Emmaline looked at the hospital again. She was wondering if Monsieur DePaul had taken all the trains and buses that would lead him to Oliver’s bedside. She was wondering what would happen once he arrived.
“I should have told him,” she said.
Emmaline lay in bed for hours, staring at the hospital lights in the distance. Her mind was filled with all the things she wished she had said when she had the chance. When she closed her eyes, she saw the words swirling and swirling like water going down a drain, and she couldn’t catch them before they slipped away forever.
The sun had begun to rise by the time she fell asleep.
Not long after that, the phone rang.
“Emmaline?” She awoke to the sound of her bedroom door creaking open. She opened her eyes and saw her father standing in the hallway, but she didn’t move. His expression made her afraid to. She knew too well what bad news looked like even before it was said.
“Emmaline, I’ve just gotten a call from Madame DePaul. She’d like for you to come and see Oliver, to tell him good-bye.”
Emmaline had thought she had run dry of tears, but there always seemed to be more. Her body curled in on itself. “No,” she whimpered. Her body shook. She felt cold and sick.
This time yesterday, Oliver had been waking up in his own bed, across the room from Gully. He got up, and brushed his teeth, and combed his hair, and went out into the world as though he had a hundred more years to live. But he hadn’t even had one more day.

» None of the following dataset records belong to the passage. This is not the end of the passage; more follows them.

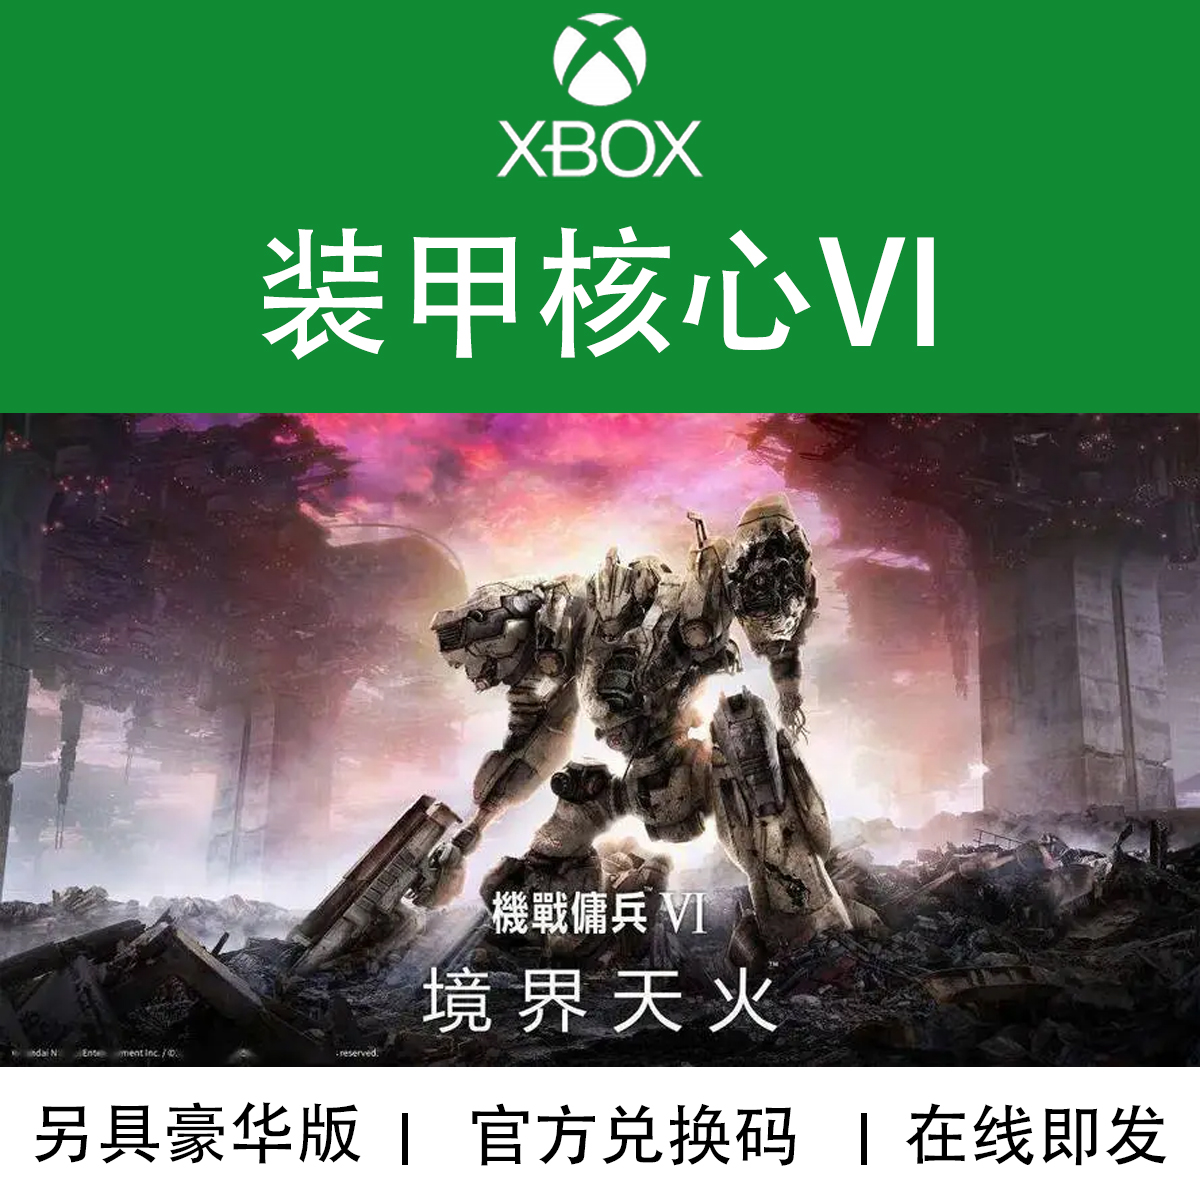 XBOX游戏 装甲核心6 境界天火 机战佣兵 ACVI 官方数字下载兑换码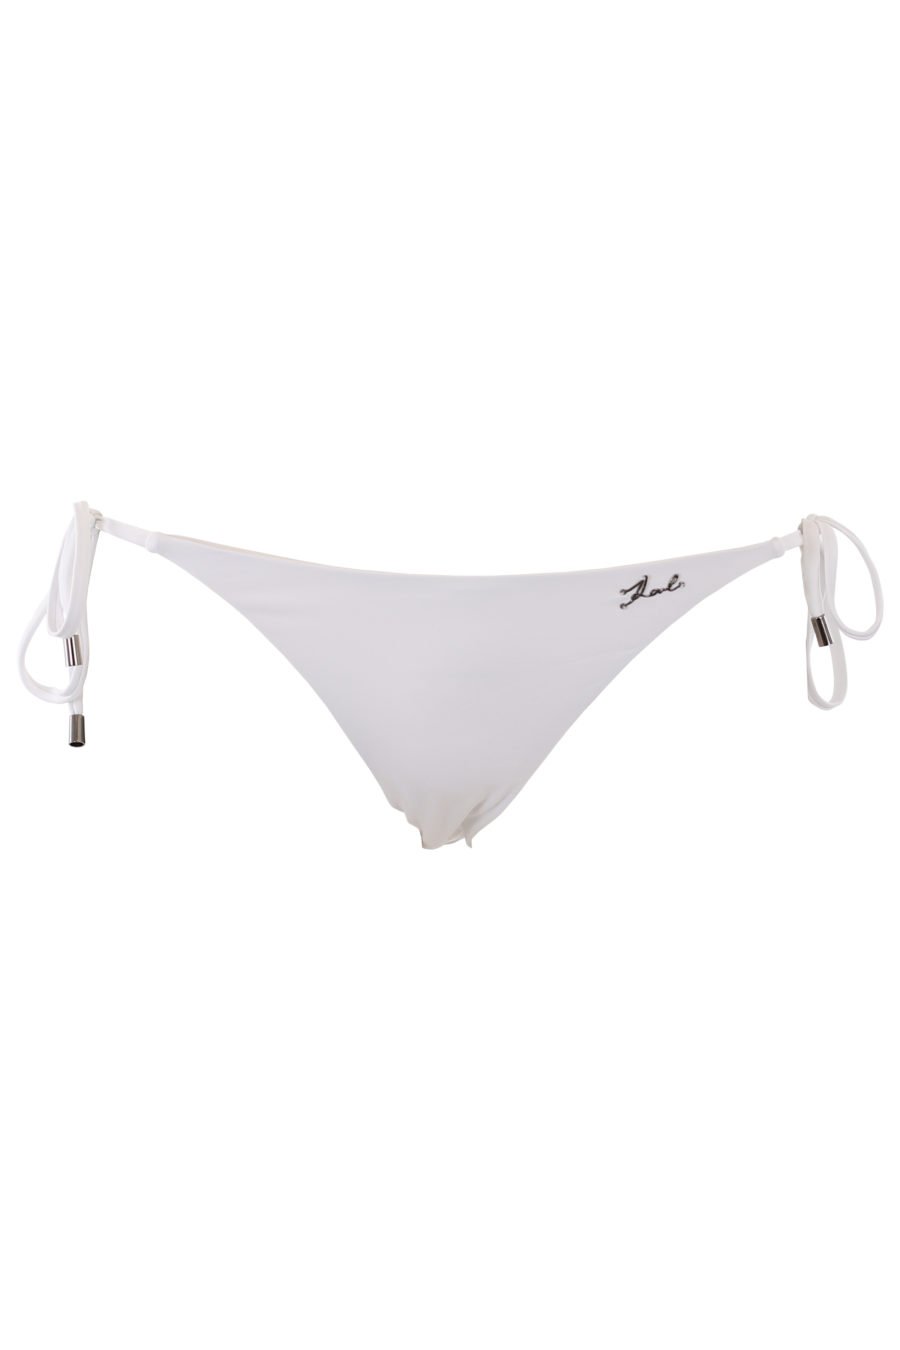 Bikiniunterteil in Weiß mit Schnürung und kleinem Metallschriftzug - IMG 1324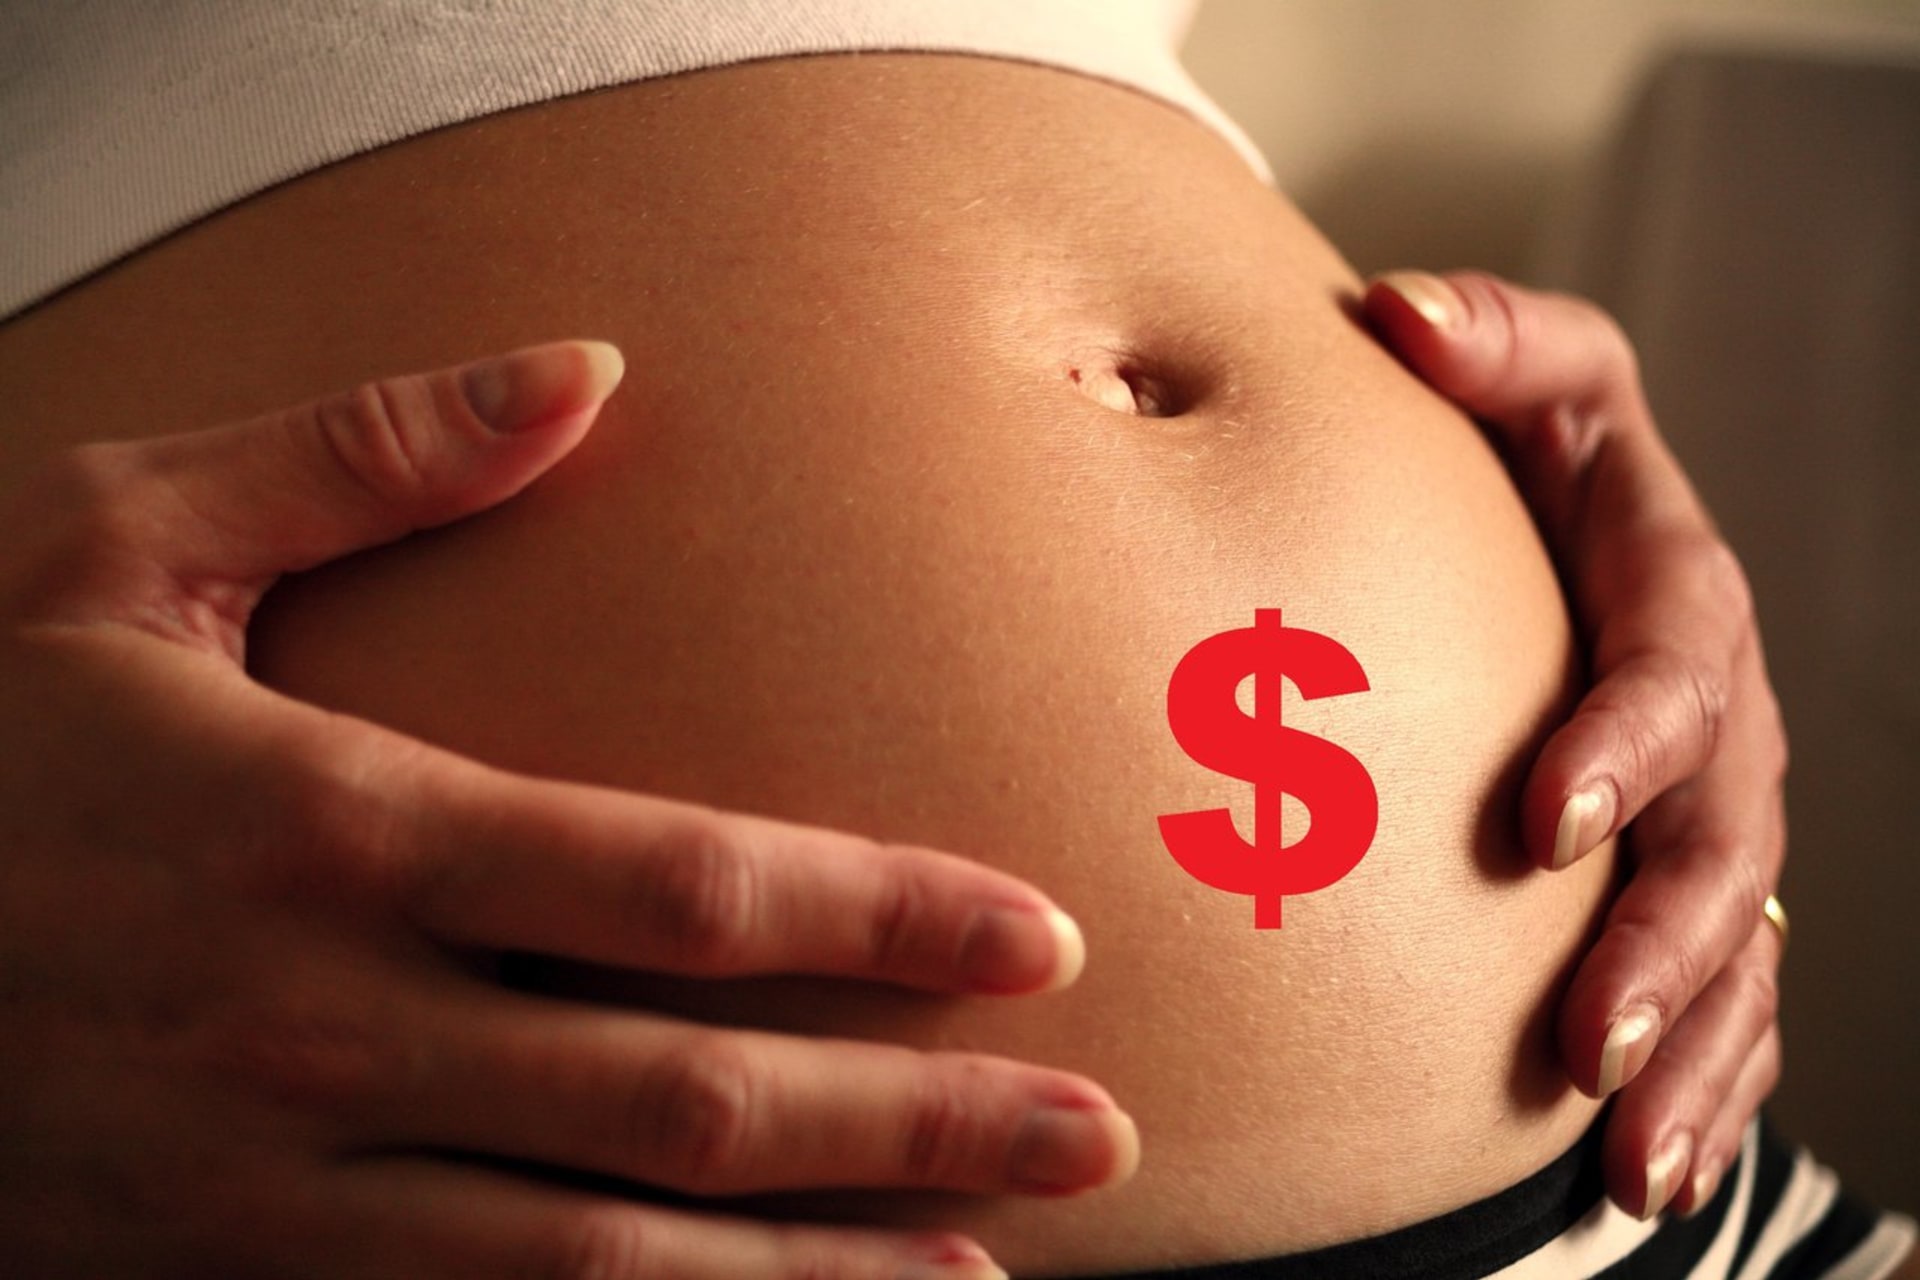 Těhotenství jako výdělek?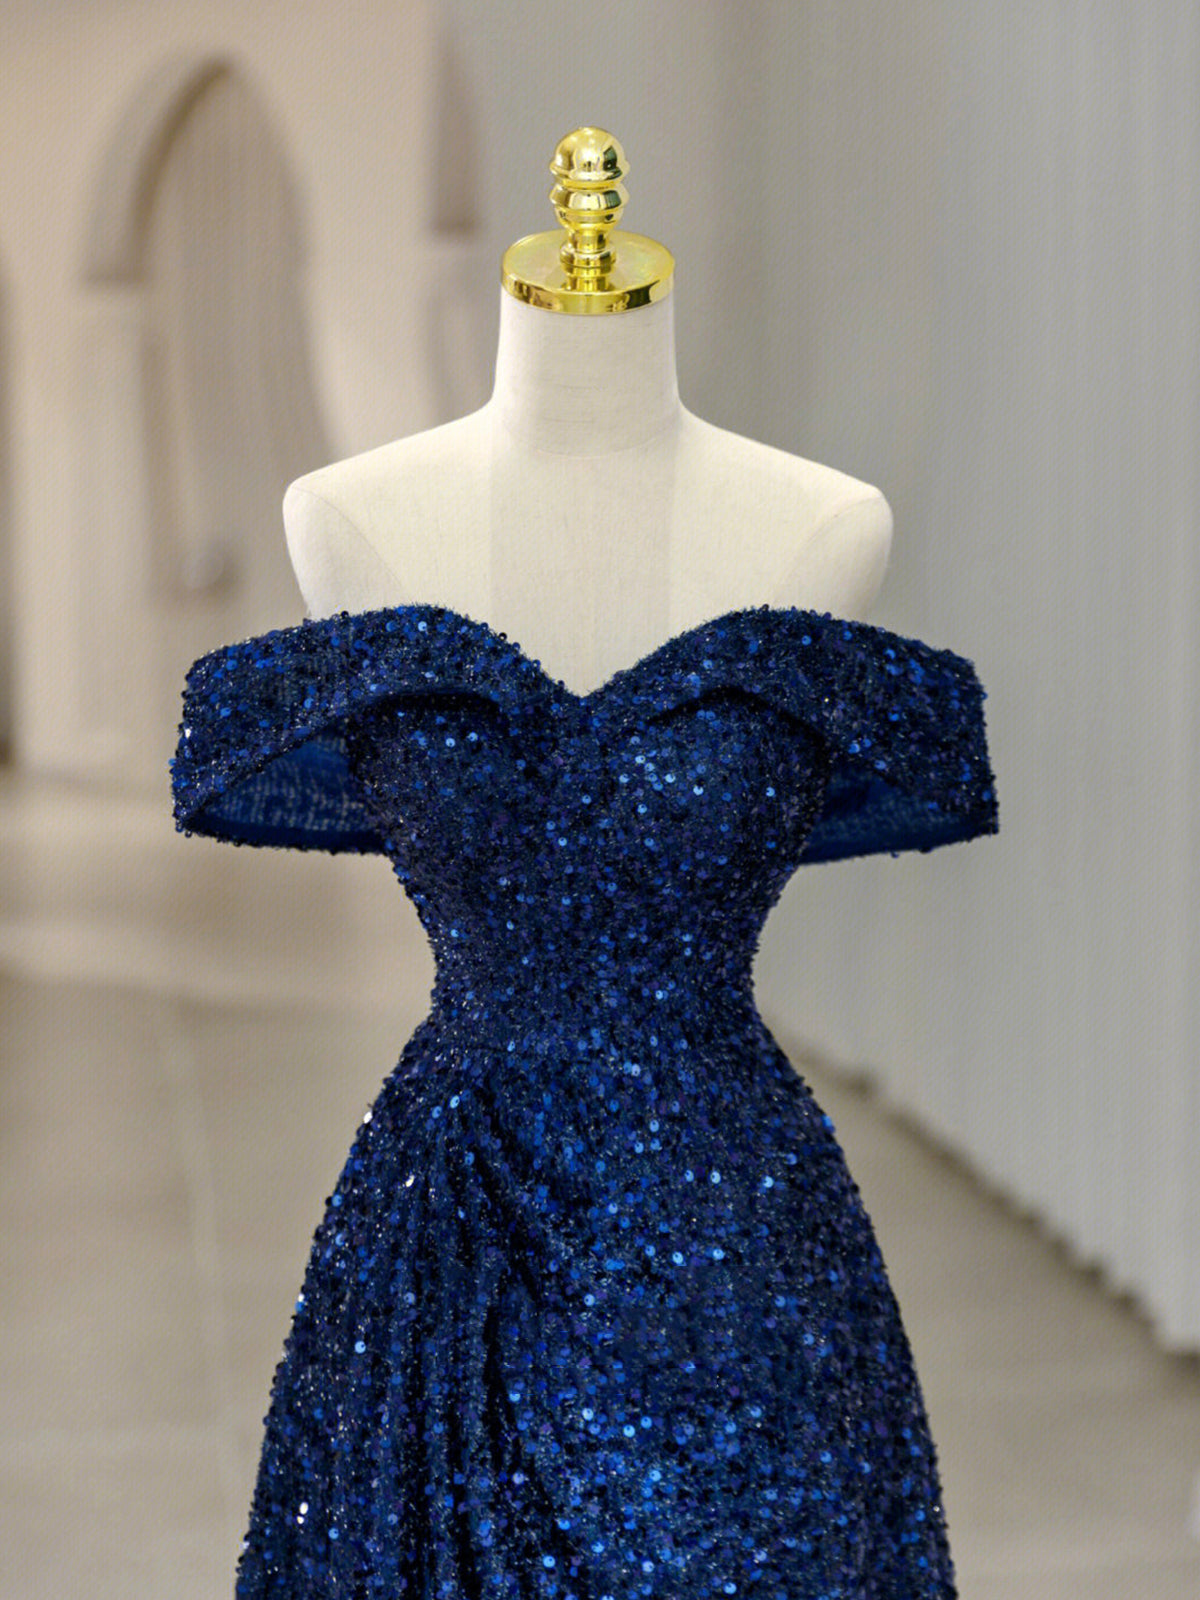 Royal Blue Sequins Long Prom Dress,Off the Shoulder Formal Evening Dresses

Her father sat on the edge of the bed. He tried to touch her shoulder, but she pulled away from him. She covered her face with her hands and screamed. She screamed the way she had screamed for Madame DePaul when Oliver was underwater and Gully tried to go after him. She screamed the way she had wanted to scream when they buried her mother, but she had been too timid and stunned, standing there in her black lace dress under the baking sun.
She screamed for Oliver to come back.
And then, after she was through, she got up, because that was what always came next, no matter what.
She walked to the hospital, her father at her side. The entire morning felt unreal. It had snowed in the night, coating the city in a fresh sheet of white that glinted and winked in the
early sunlight. The sky was pink, like Oliver’s rosy cheeks.
Her fists clenched in her pockets.
This time, when she entered the hospital elevator, Emmaline told herself that she was prepared for what awaited her in room 7B. She stared at her own dulled reflection in the brass doors, until they slid open and revealed the hallway like a yawning mouth.
But even though she had prepared herself, the fear and the sadness overtook her anew, and the elevator doors had begun to close by the time she mustered the courage to step forward.
Oliver was still in his bed, and the tube was still in his mouth. Gully was still beside him. Monsieur and Madame DePaul were standing over both of their children, and their eyes were red and swollen.
“Emmaline.” Madame DePaul tried to smile, but she cried instead.
“Gully?” Emmaline whispered. He didn’t look at her, but he reached for her hand. He was wearing two scarves draped over his neck: one green and one red.
She let him take her hand—the left hand, on which she wore her black lace glove—and she could feel that he was shaking.
Oliver was very still, aside from the way his chest rose and fell as air was forced through the tube.
Gully leaned close and whispered in her ear, “I told them to wait for you.”
Emmaline didn’t know what to say. If they had waited for her, she wished she’d taken more time walking here. She wished she had sailed around the world and back again first, just to keep air in Oliver’s lungs.
“Oliver is gone,” Madame DePaul said, and there was a wave of tears beating against the door of her words, trying to flood her. “And we have to say good-bye now.”
Good-bye. Emmaline had said the word a thousand times. Good-bye to the mailman after he’d delivered the mail, good-bye to her father as she left for school, good-bye to Gully, good-bye to Oliver, good-bye when she hung up the phone. But now the word felt like a mountain to climb, filled with monsters and fires. Good-bye felt impossible and cruel.